The key function of the model is the market price determined by ads and demand: $$ p(Q) = R - \frac{Q}{e\sum_{i = 1}^N a_i}, $$ where:
- $ i = 1, 2, \ldots, N $ indexes the $ N $ advertisers in the market.
- $ p(Q) $ is the market price.
- $ Q = \sum_{i=1}^N q_i $ is the total quantity produced.
- $ R $ is the market “reservation” price above which no consumer purchases.
- $ a_i $ is the advertising effort exerted by advertiser $ i $.
- $ e $ is the elasticity parameter of advertising.
Each advertiser $ i $ aims to maximize their profit: $$ p(Q) , q_i. $$ The paper solves for the symmetric equilibrium by working backwards and taking derivatives.
Proposition 3 of the paper states:
A unique free entry equilibrium exists if and only if $e^2R^4 \ge 32 k$. Furthermore, as advertising effectiveness $e$ increases, the equilibrium number of firms $N^$ weakly increases while the equilibrium price $p^$ decreases.
Therefore, the model predicts that as more stringent privacy policies are implemented:
- Firms will exit the market.
- Total ad spending decreases, but surviving advertisers spend more individually.

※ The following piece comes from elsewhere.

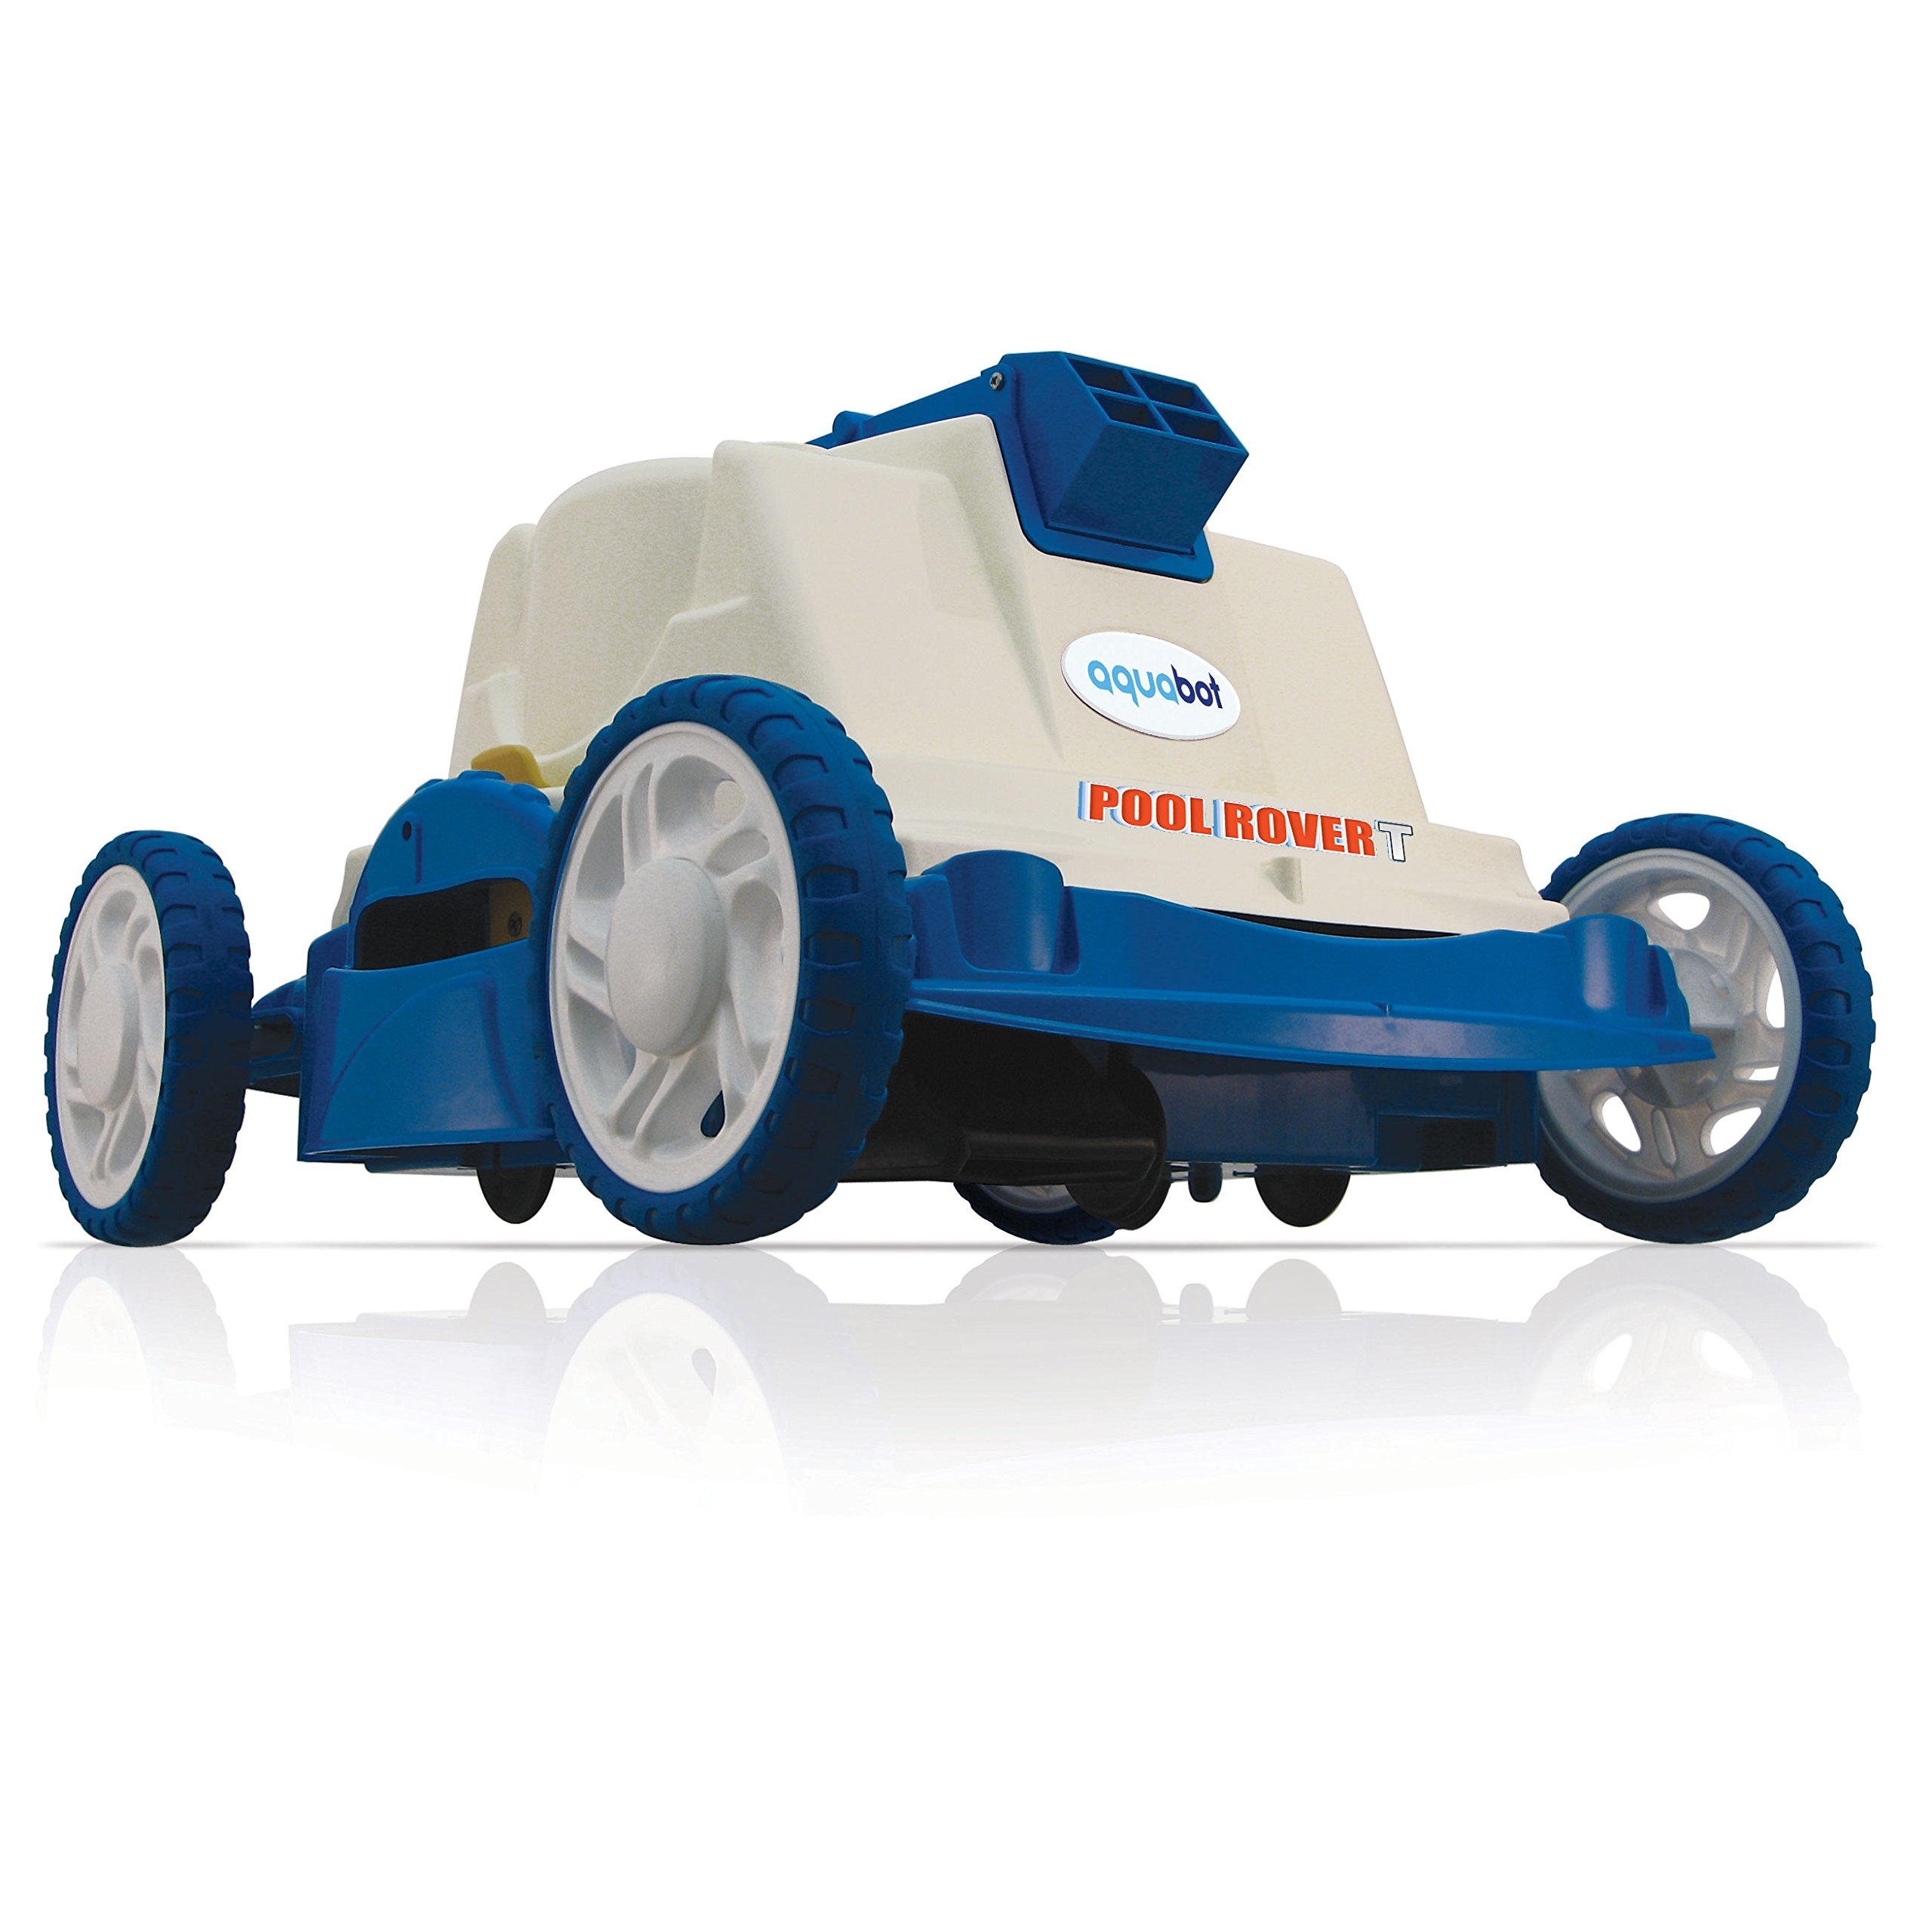 Aqua Products Pool Rover T Robotic Pool Cleaner by Aqua Products

- Product prices increase.
Data Processing
In Sections 4 and 5, the paper utilizes large-scale, exclusive data from Meta and U.S. industry data from the North American Industry Classification System (NAICS).I am not an expert in statistics and data processing, but I believe the authors explain how they organized and utilized the data in a reasonable way. For now, I’ll treat this part as a black box and consult some friends who are more proficient in econometrics for assistance.
The Paper’s Findings
By analyzing the data, the paper hypothesizes that advertisers with different objectives react differently to tightening privacy regulations (ATT):“In particular, the campaigns whose objectives relate to ’lower funnel’ (off-platform) actions, such as sales or app downloads, are likely more affected than the campaigns whose objectives relate to ‘upper funnel’ (on-platform) actions, like increasing the number of ’likes’ or brand awareness.”
Other findings include that ATT decreases overall ad spend but increases individual advertisers’ ad spend. ATT leads to more advertisers exiting the market and higher product prices.
The paper concludes by emphasizing that it is the first research to use large-scale, industry data to analyze the effect of privacy regulation on digital advertising and the product market. It suggests that privacy regulation harms not only firms but also potentially consumers due to higher prices. Finally, the paper notes that small and medium-sized businesses are the ones that rely most on advertising—specifically targeted advertising that uses consumer data to reach niche markets—hence, they are most affected by privacy laws. Considering that they have more limited budgets and fewer opportunities to recover from setbacks, this is concerning.
my thoughts
The paper’s results are not particularly surprising. Given a product market where digital advertising is a primary driving force besides product quantity, it is intuitive that when the effectiveness of advertising deteriorates, there will be fewer advertisers in the market. With fewer sellers, prices go up. Under certain assumptions of the demand function, ad spending may increase.
What would be really interesting is to explicitly account for smaller and larger sellers. Can we verify both theoretically and empirically that privacy regulation harms smaller sellers but does not significantly affect bigger sellers?
Finally, it occurs to me that in the near future, large language models could contribute significantly to empirical analysis. Much of the data summarization and cleaning could be done on a larger scale by these models, offering new opportunities for findings that were previously inaccessible.